The head node is the most important component in an HPC cluster. The head node is responsible for both cluster management and job scheduler functionalities. The “Head Node” folder contains alert, state, and performance views for head node monitoring.

The following table lists the monitoring scenarios for the cluster management service on the head node. The monitoring scenarios for the job scheduler functionalities are discussed separately in Job scheduler monitoring, later in this topic.

Scenario

Monitoring Elements

Cluster metrics monitoring

Important cluster-wide metrics can indicate whether the cluster is in a congested state or not. These metrics include:

  • Cluster CPU usage

  • Cluster disk throughput

  • Cluster network usage

  • Cluster power consumption efficiency

These monitors are disabled by default. To use these monitors, they need to be enabled and their thresholds need to be configured. For more information, see Enabling Performance Threshold Monitors.

Management component monitoring

The health of the management component is tracked by monitoring the registry configuration, services, and events.

Registry configuration

Check the registry settings under SOFTWARE\Microsoft\HPC are correct.

Services

Check whether the following services are running:

  • HPC Basic Profile Web Service (monitoring can be disabled if the HPC Basic Profile is not being used)

  • HPC System Definition Model (SDM) Store Service

  • HPC Management Service

  • HPC MPI Service

  • Windows Deployment Services (WDS) Server service (monitoring can be disabled if WDS is not used on the head node. - for example, when only an enterprise network topology is used for the cluster)

  • HPC Session Service

  • HPC Node Manager Service

  • HPC Diagnostics Service

  • HPC Reporting Service

Events

Monitor events for the HPC Management Service to track operations errors

Node performance

These metrics can indicate whether the node is performing properly. These metrics include:

  • CPU utilization

  • Memory utilization

These monitors are disabled by default. To use these monitors, they need to be enabled and their thresholds need to be configured. For more information, see Enabling Performance Threshold Monitors.

Database monitoring

Check connectivity to the HPC databases (installed either on the head node or on remote servers that are running SQL Server). If the databases are installed on remote servers, the SQL Server Library Management Pack can be imported to provide additional monitoring capabilities.

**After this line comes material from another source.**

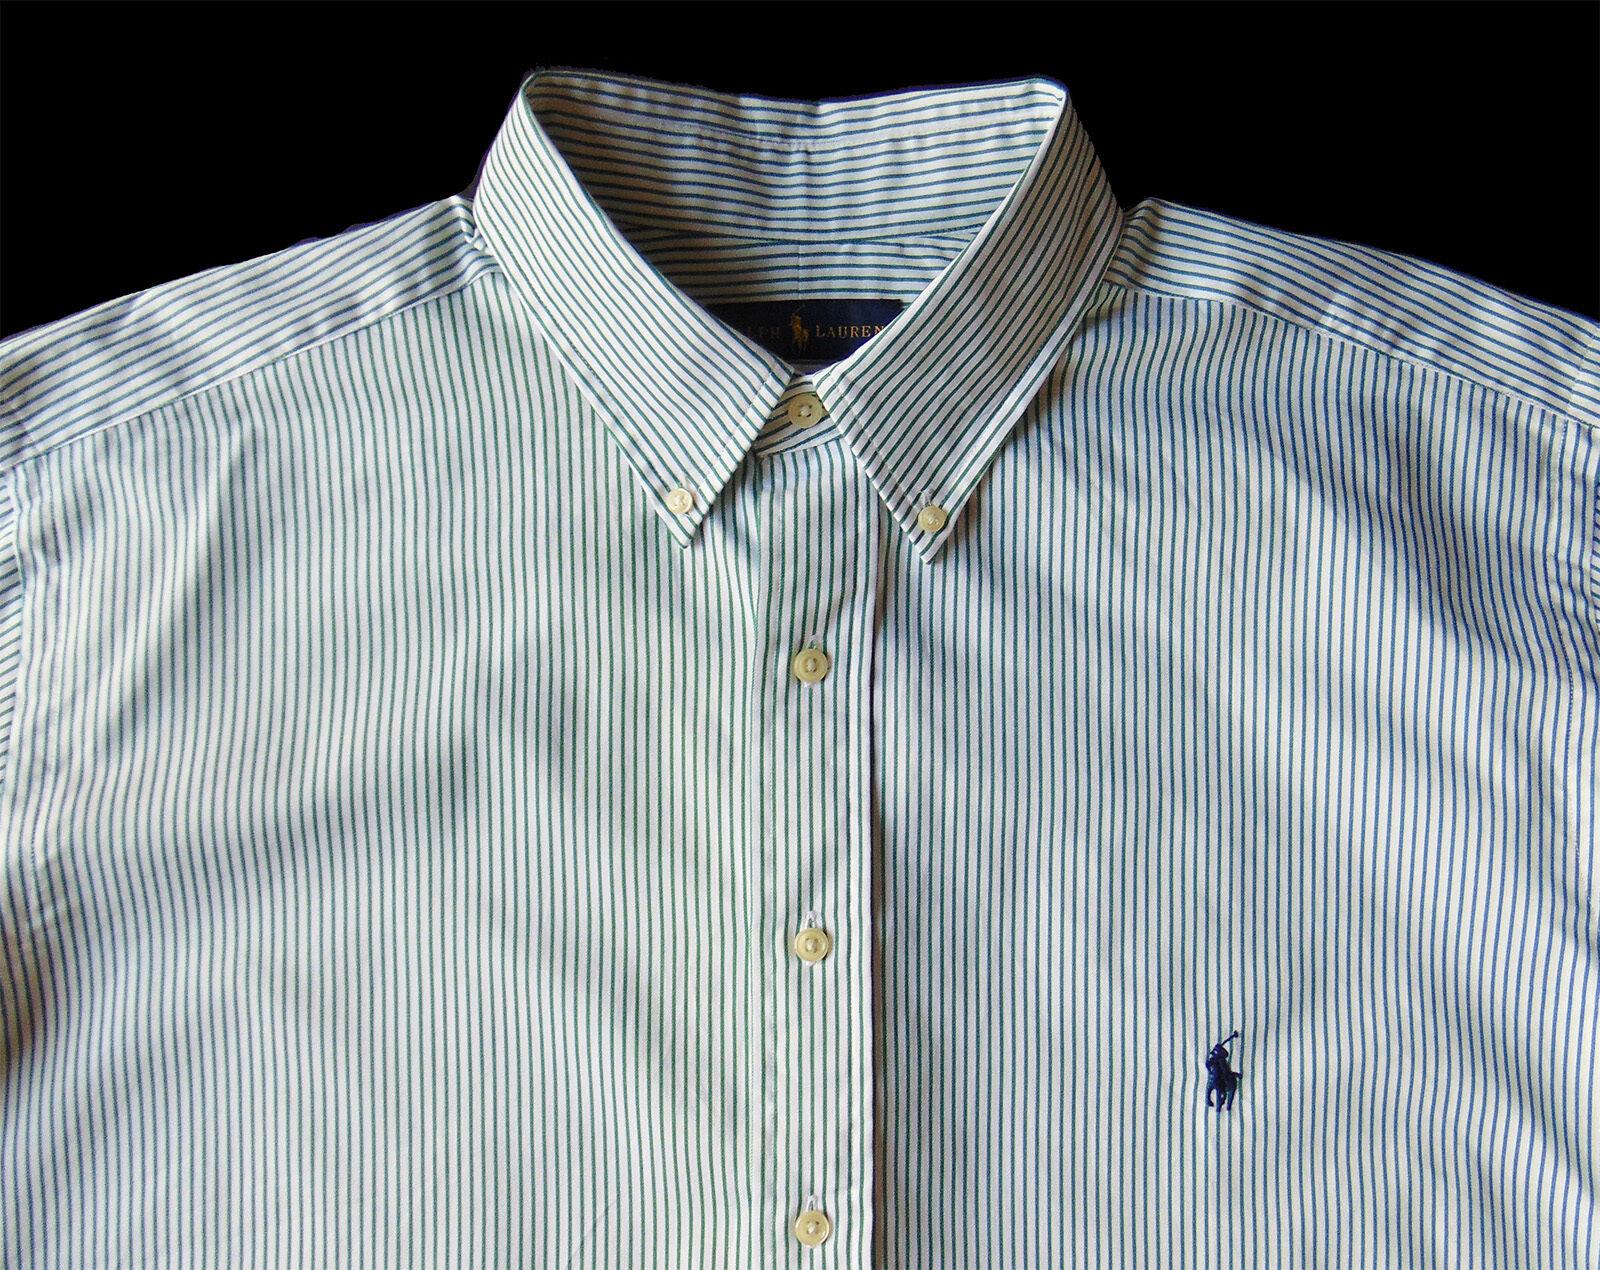 903d906644 Men's RALPH LAUREN Stripe Striped Shirt 2XB 2X BIG NWT NEW Nice ...
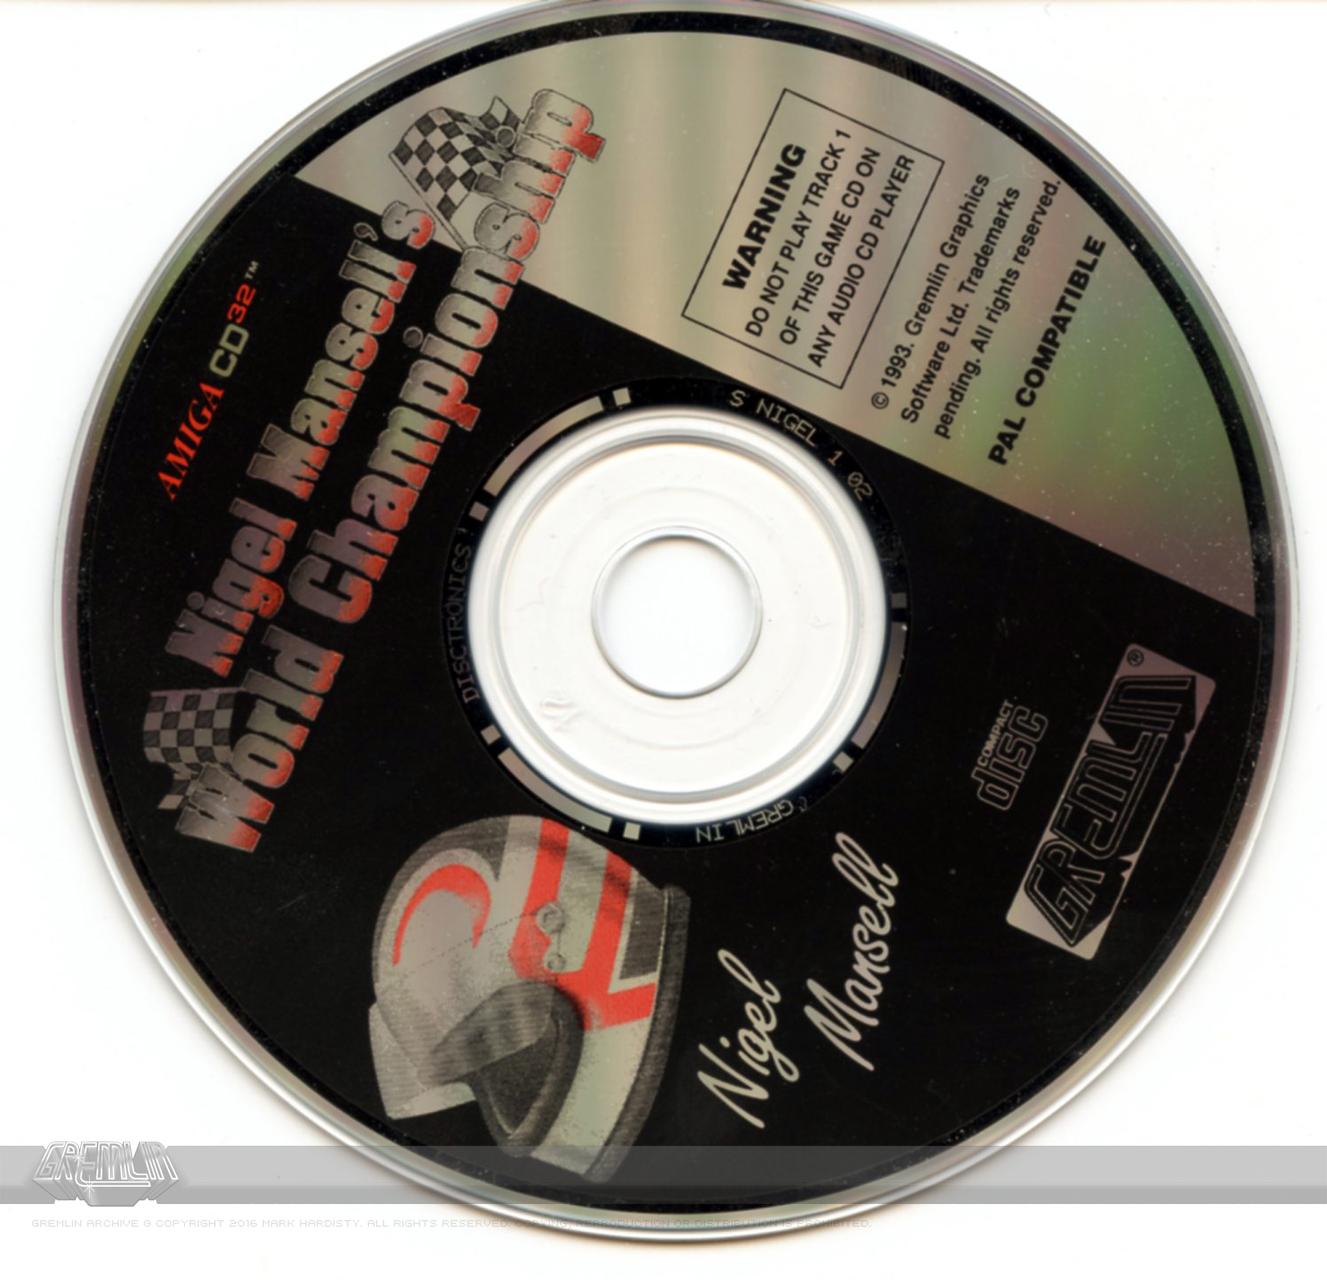 Nigel Mansell's World Championship (CD32) CD-ROM

Head node network monitoring

Head node network monitoring contains some basic network configuration and performance monitoring elements:

  • NetworkDirect configuration

  • Network firewall configuration

  • Basic MPI ping-pong test performance (this monitor uses the MPI Ping Pong: Lightweight Throughput diagnostic test in Microsoft HPC Pack 2008 R2)

Job scheduler monitoring

To schedule jobs on the cluster, the HPC Job Scheduler Service and the compute nodes on which the jobs are scheduled need to be healthy. The “Job Scheduler” folder contains alert, state, and performance views for HPC Job Scheduler monitoring.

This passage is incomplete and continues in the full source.